To address evaluating AI system performance and building trust and community in AI applications, improvements are needed across model comparisons, test sets, and metrics [00:07:06].

Model Comparisons

  • Require Apples-to-Apples Comparisons: Mandate the same computational budget, constraints, and prohibit cherry-picking configurations [00:07:14].
  • Show Cost-Performance Trade-offs: Transparently display these trade-offs, as demonstrated by initiatives like the Arc Prize [00:07:23].

Test Sets

  • Transparency and Open Source: Open source the data, methodologies, and code [00:07:33].
  • No Financial Ties: Ensure no financial connections exist between benchmark creators and model companies [00:07:39].
  • Regular Rotation: Routinely rotate test questions to prevent overfitting [00:07:45].

Metrics

  • Control for Style Effects: Develop methods to measure substance and accuracy, not just engagement [00:07:50].
  • Public Reporting of All Attempts: Require all evaluation attempts to be publicly disclosed to prevent cherry-picking the best run [00:07:59].

Progress and Independent Efforts

Some progress is being made:

  • LM Arena’s style-controlled rankings offer the ability to mitigate style effects [00:08:11].
  • More independent benchmarks are emerging in specific domains, such as Legal Bench, MedQA, and FinTech [00:08:20].
  • Cross-cutting efforts like Agent Eval and Better Bench are working to benchmark benchmarks themselves [00:08:34].

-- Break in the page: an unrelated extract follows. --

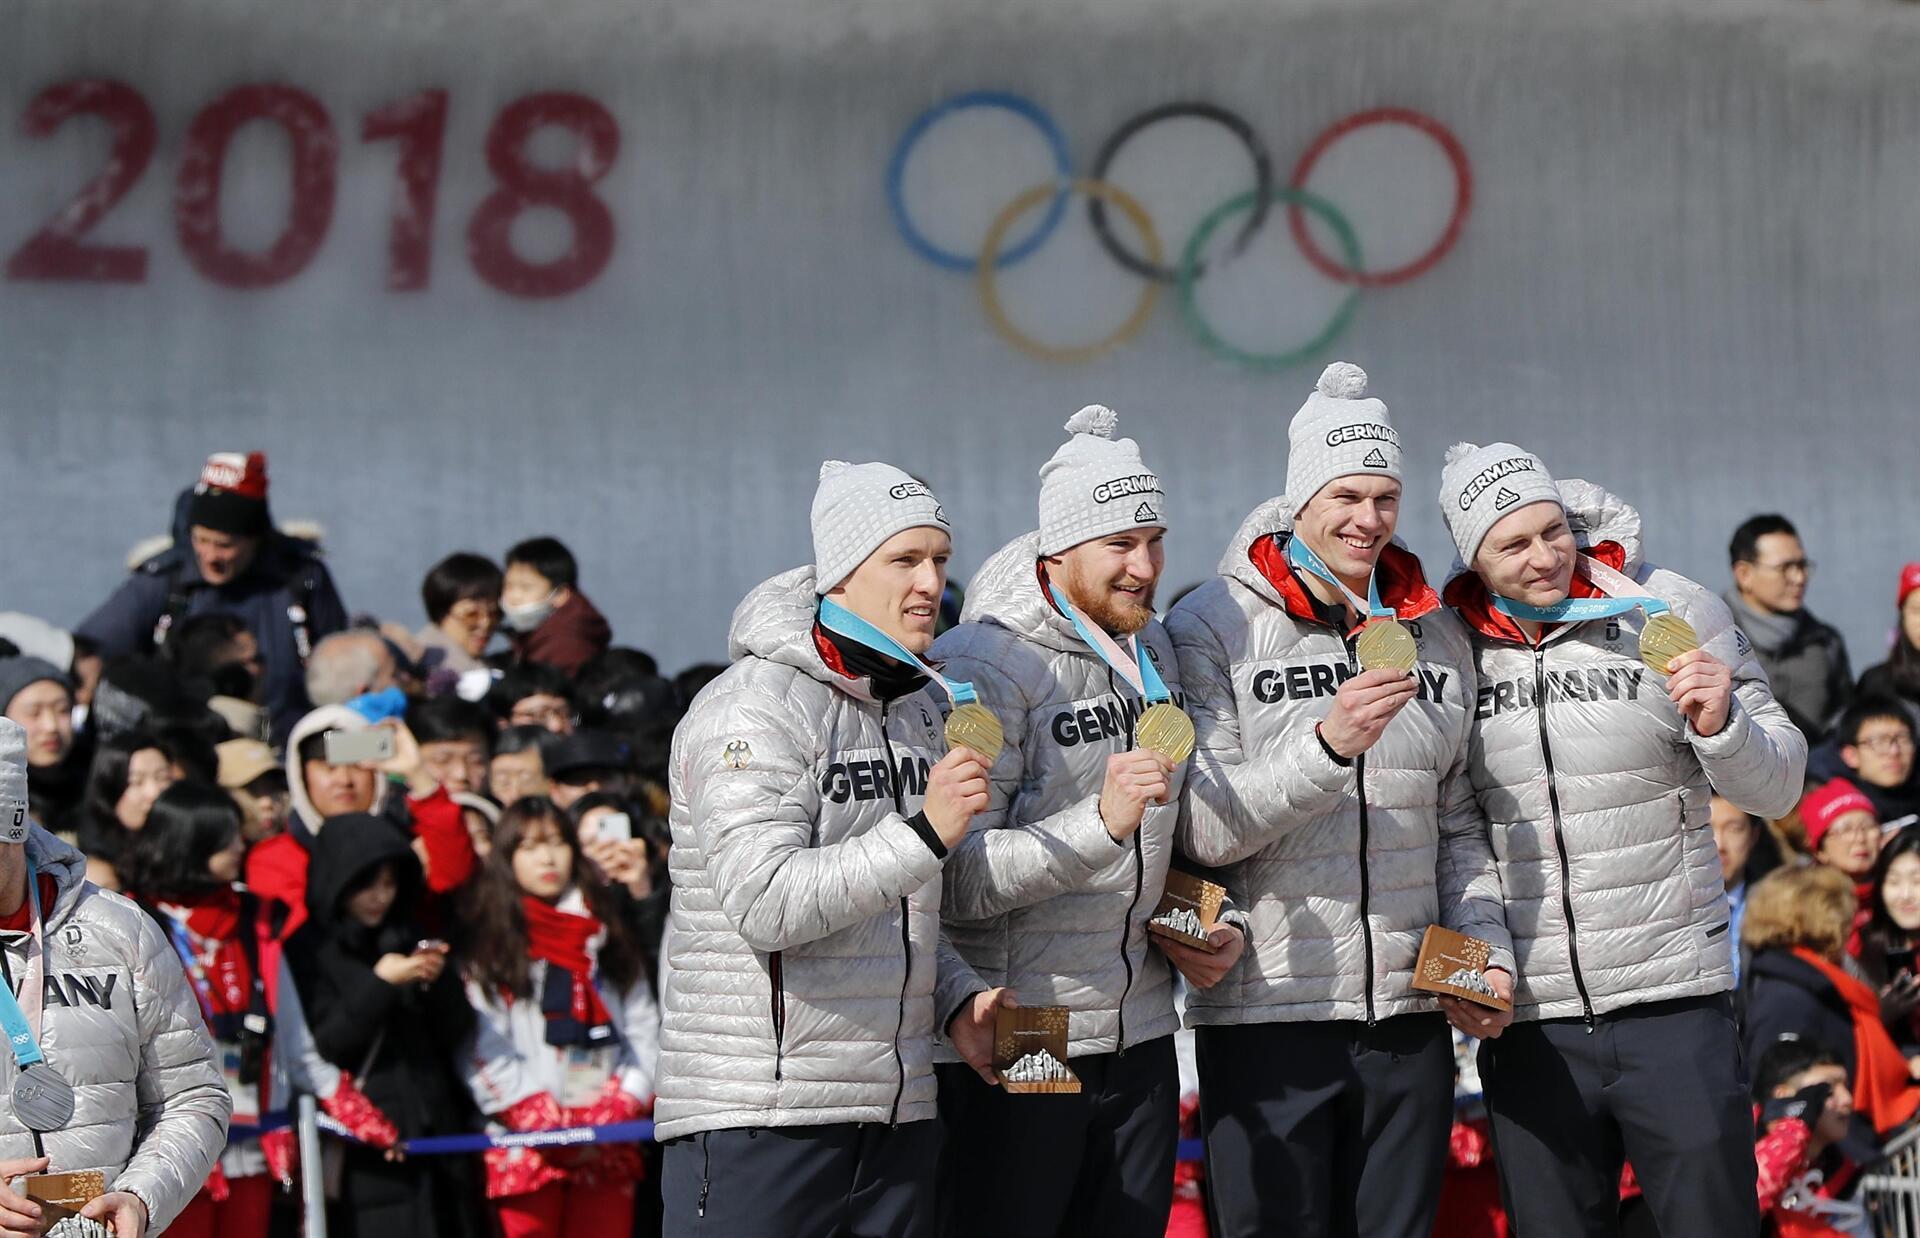 4'lü bobsled yarışında Almanlar kazandı

Building Evaluations That Actually Matter

Instead of chasing rigged public benchmarks, a better approach is to build a set of evaluations tailored to specific use cases [00:08:42]. Strategies for AI evaluation and troubleshooting must focus on real-world utility.

Steps for Effective Evaluation:

  1. Gather Real Data: Use actual queries from production systems. Five real user problems are more valuable than 100 academic questions [00:09:04].
  2. Choose Your Metrics: Select metrics that are crucial for your application, such as quality, cost, or latency [00:09:21].
  3. Test the Right Models: Don’t rely solely on leaderboards. Test the top models against your specific data, as generic top performers may fail on specialized documents [00:09:33].
  4. Systematize It: Implement consistent, repeatable evaluation processes, either by building them internally or using platforms like Scorecard [00:09:46].
  5. Keep Iterating: Make evaluation a continuous process, adapting as models improve and needs change [00:09:54].

This approach creates a continuous cycle: identify issues, build improvements, run evaluations before deployment, get feedback, and only deploy when quality bars are met [00:10:05]. This pre-deployment evaluation loop is crucial for shipping reliable AI and avoiding constant firefighting of production issues [00:10:25]. While more work than checking a leaderboard, it is the only way to build AI that truly serves users [00:10:34].

Ultimately, the benchmarks game is rigged due to the high stakes involved [00:10:45]. However, companies can opt out of this game by building evaluations that prioritize user needs and product improvement [00:10:54]. The key to evaluating AI systems at scale and challenges in AI agent evaluation is to measure what matters to your users, not what generates buzz on social media [00:11:00]. As the saying goes, “All benchmarks are wrong, but some are useful. The key is knowing which ones” [00:11:06].